While heuristic approaches exist for these computationally hard problems, this project will innovatively build their theoretical foundation. The empirical study associated with this research will bridge the gap between theory and practice.
Q: Will undergraduate or graduate students contribute to this research? How?
Das: The proposed research will entail close collaboration with both graduate and undergraduate students. Although advanced clustering algorithm courses primarily focus on applications and offer limited exposure to theoretical aspects, this project will introduce new courses on clustering aimed at bridging this gap. Such courses will provide an extensive understanding of both theoretical and practical aspects of clustering algorithms while offering hands-on experience regarding data science and clustering.

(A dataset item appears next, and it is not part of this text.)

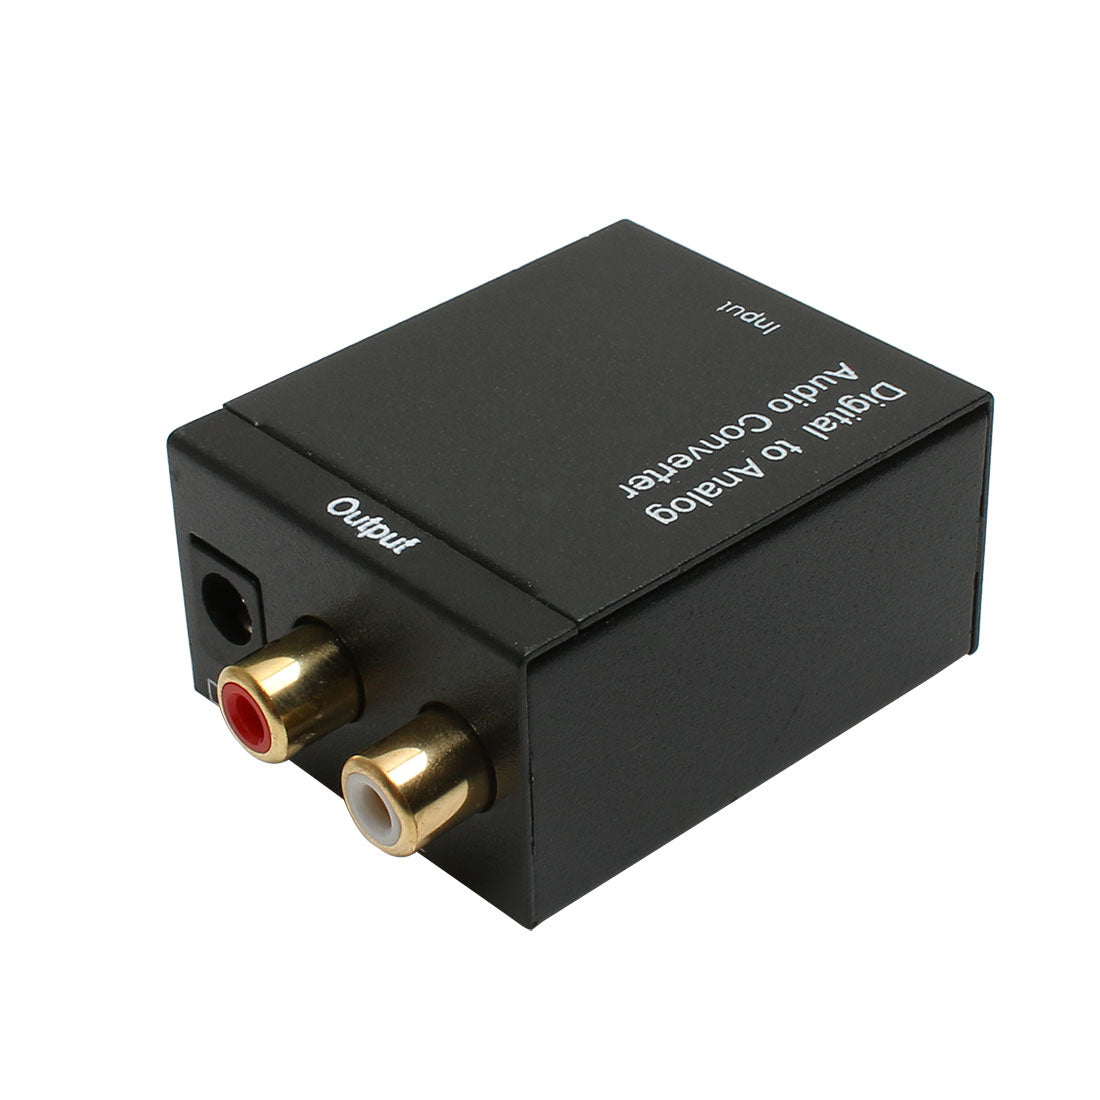 will a 1 to 3 optical audio splitter also work in reverse

Q: The NSF CAREER award not only funds a research project, but it also recognizes the potential of the recipient as a researcher, educator and leader in their field. How do you hope to fulfill that potential?
Das: The NSF CAREER award will kickstart my long-term research plan to advance the theory of clustering problems, deepen our understanding of algorithm design and theoretical computer science, and become a renowned researcher in the field. I will integrate my research into educational activities that will inspire and engage students.
I am committed to continuing my association with TCS for All: Theoretical Computer Science without Barriers and inspiring and supporting women and students from underrepresented communities in STEM. My goal is to work toward bridging the gender gap and fostering diversity, equity and inclusion in academia.